3. eingeübtes Nichtnachdenken
cassandros 18.03.2014
Zitat von bertram260e...wird man diese törichten Eingriffsversuche in adaptive Mechanismen aufgeben, die die Natur auf der Erde seit Jahrmilliarden erfolgreich eingeübt hat?
Was schlägst du als Alternative vor? Alle Getreidefelder von Schädlingen kahlfressen lassen? Bei dir kommen die Lebensmittel "aus dem Kühlschrank", nicht? Und Mama ist der adaptive Mechanismus, der für die immerwährende Auffüllung sorgt.
4. Der gute
felisconcolor 18.03.2014
alte Fruchtwechsel hatte schon seine Berechtigung.
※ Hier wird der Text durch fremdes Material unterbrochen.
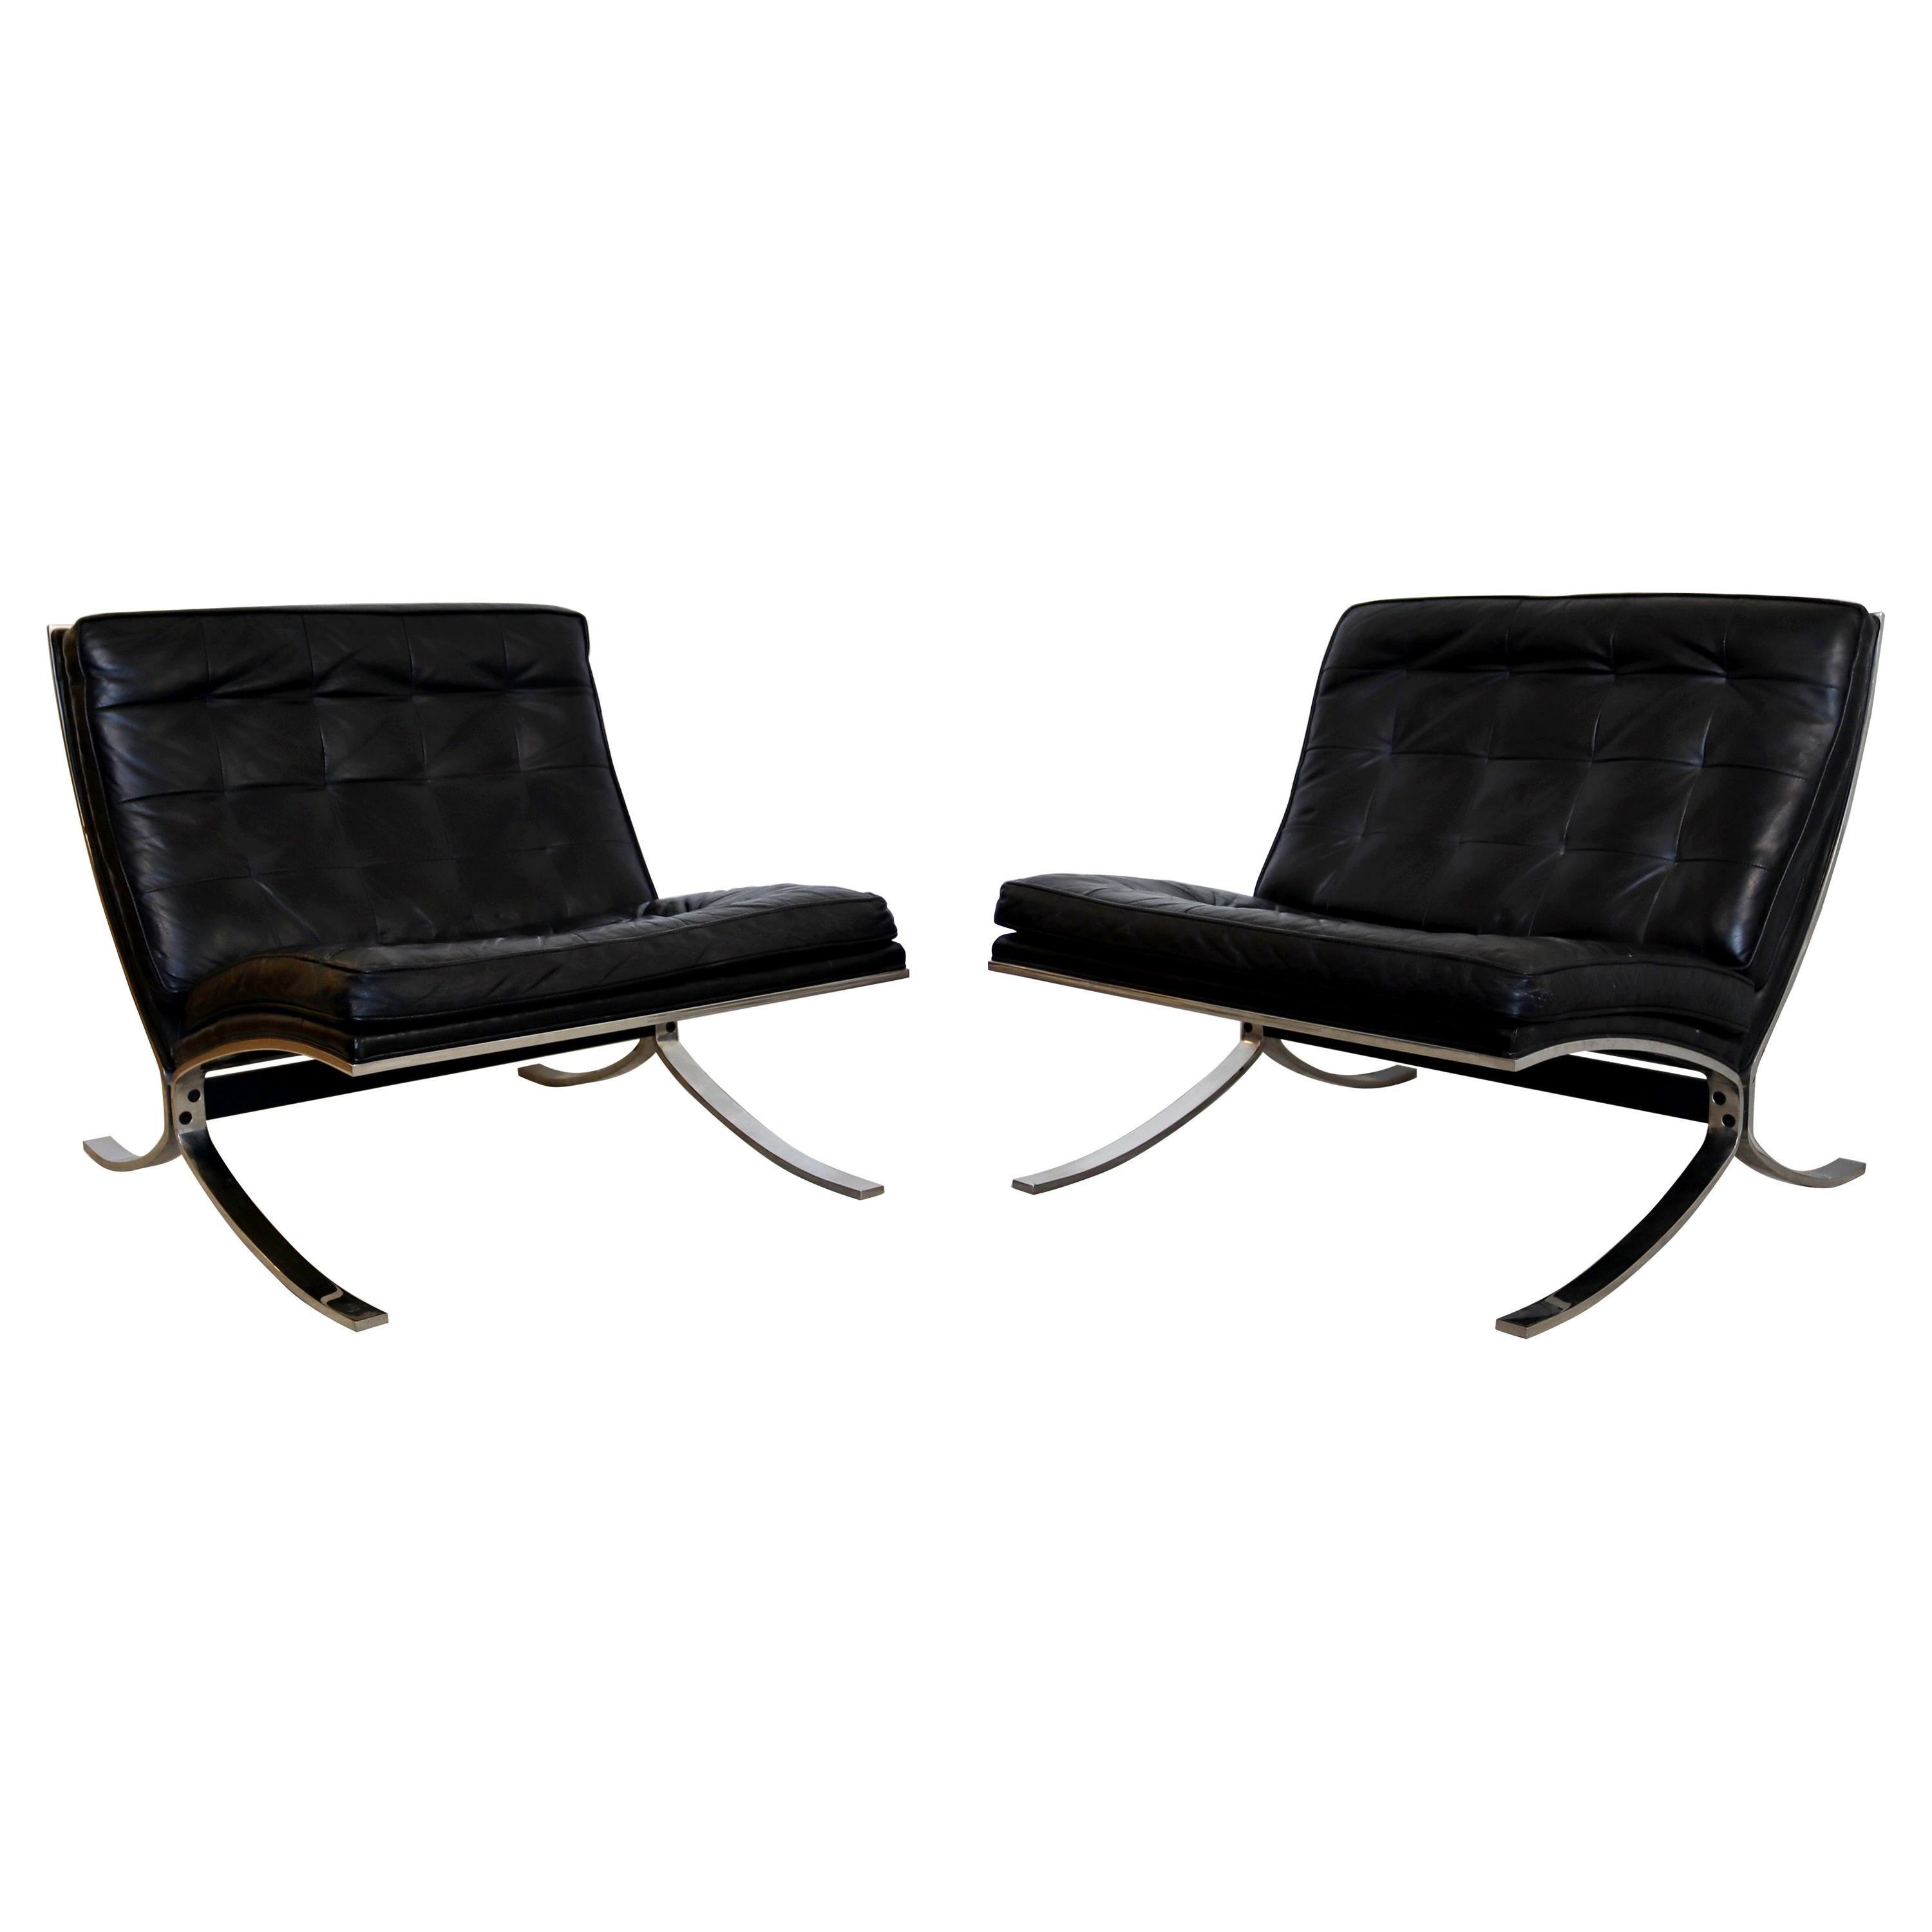 Mid-Century Modern Barcelona Pair of Lounge Chairs Mies Van der Rohe Style 1970s
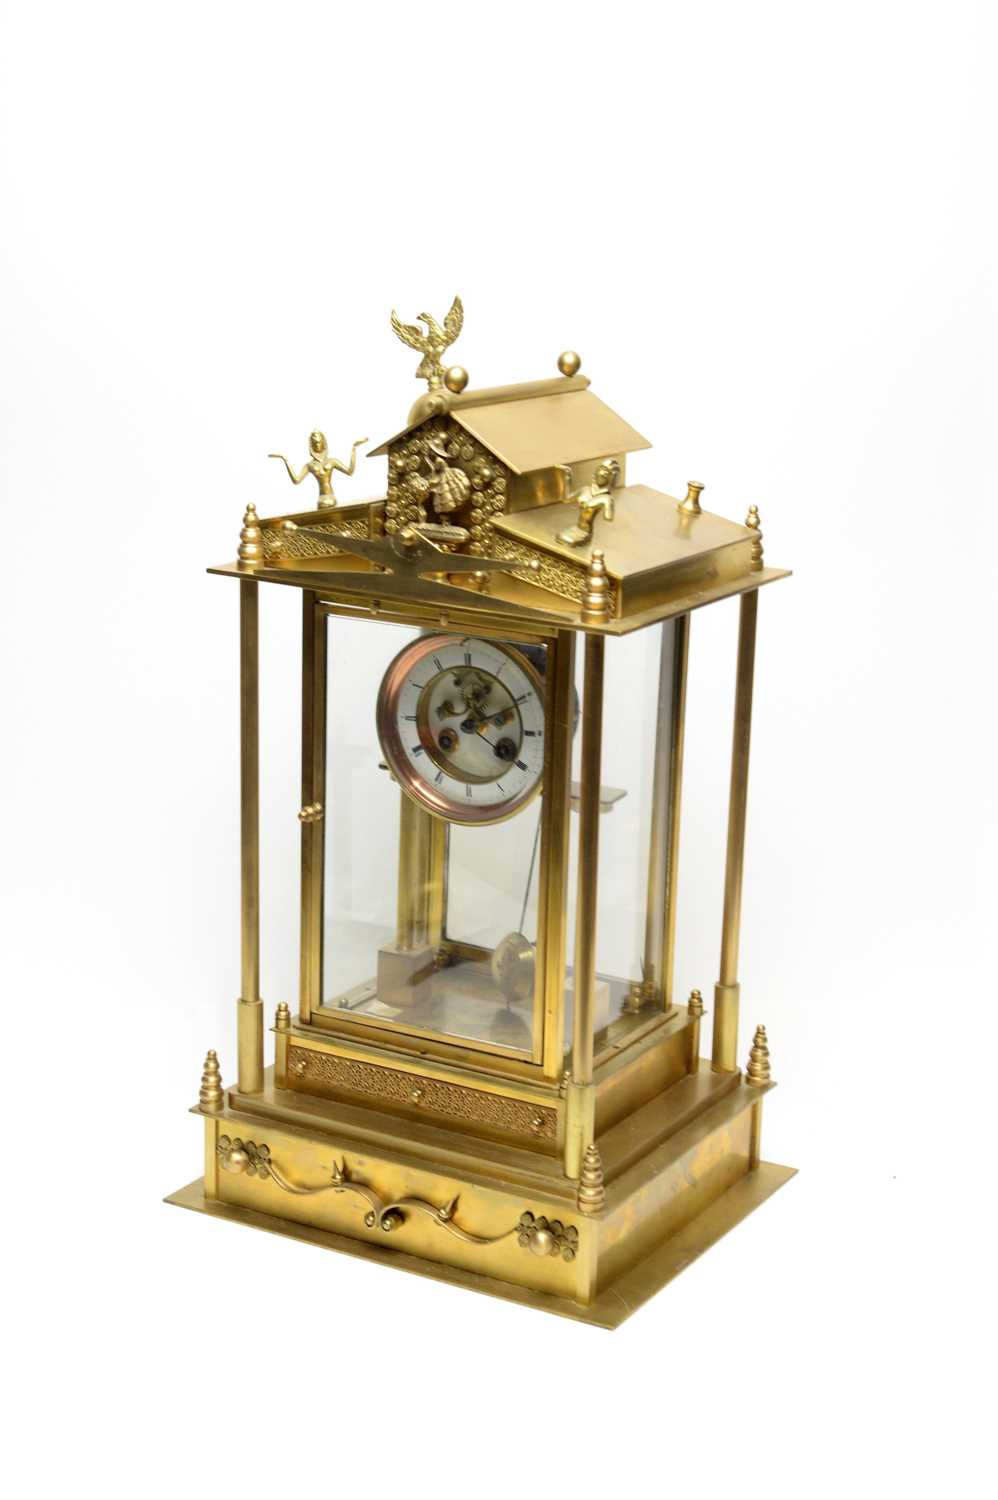 S Marti & Cie: a large and impressive French gilt four-glass mantel clock - Image 2 of 15

Aber das kam wohl auch daher das die Bauern ihr Handwerk über Generationen gelernt hatten und nicht studiert.
5. Wen wundert das?
strixaluco 18.03.2014
Wenn man Millionen nahezu oder vollkommen identischer Pflanzen mit dem gleichen Abwehrmechanismus einem Vielfachen an Fraßinsekten gegenüberstellt, die naturgemäß genetisch vielfältig sind, ist es, rein statistisch, allein eine Frage der Zeit, wann sich Resistenzen finden. Kurz gesagt: Die Evolution kann's eben immer noch besser (seit circa 3,5 Milliarden Jahren), sie hat schon eine Menge (krasse) Extreme überstanden. Agrogentechnik ist in der Regel überflüssig, auch wenn man davon keine "grünen Haare" oder Reißzähne bekommt, sie nützt allein den Patentinhabern und Kulturpiraten, die sich die Produkte von Jahrtausenden gemeinschaftlicher Züchtungsarbeit und Jahrmilliarden an Evolution einfach aneignen möchten. - Ja, Züchtungsarbeit muss belohnt werden, aber eben für den Anteil, den der Züchter wirklich aktuell verbessert hat - den Hauptteil hat immer die Natur gemacht. - Kluge Bauern wissen im übrigen schon lange, dass eine gute Fruchtfolge (!), Mischkultur, wo es möglich ist, Sortenvielfalt mit ihrem Potential, sich Naturveränderungen anzupassen und gezielte Eingriffe, wo wirklich Schaden entsteht viel besser wirken als die "Allheilmittel" mancher Leute, die vor allem sehr viel Geld in der eigenen Tasche sehen wollen. Haben wir Sortenvielfalt - und Freiheit, haben wir die Natur mit auf unserer Seite, haben wir Monokultur, ist sie immer nur unser Gegner - das geht auf die Dauer schief und muss nicht sein. Was Saatgut betrifft: Wenn man Standards möchte, kann man Kategorien einführen wie "standardisiert und einheitlich" "Erhaltungszucht" "variable Linie" und "Promenadenmischung". Alles hat seinen Sinn, und wenn drin ist, was draufsteht, kann sich jeder aussuchen, was er braucht, der Biobauer und der Tech-Freak. Das wäre doch Freiheit, oder?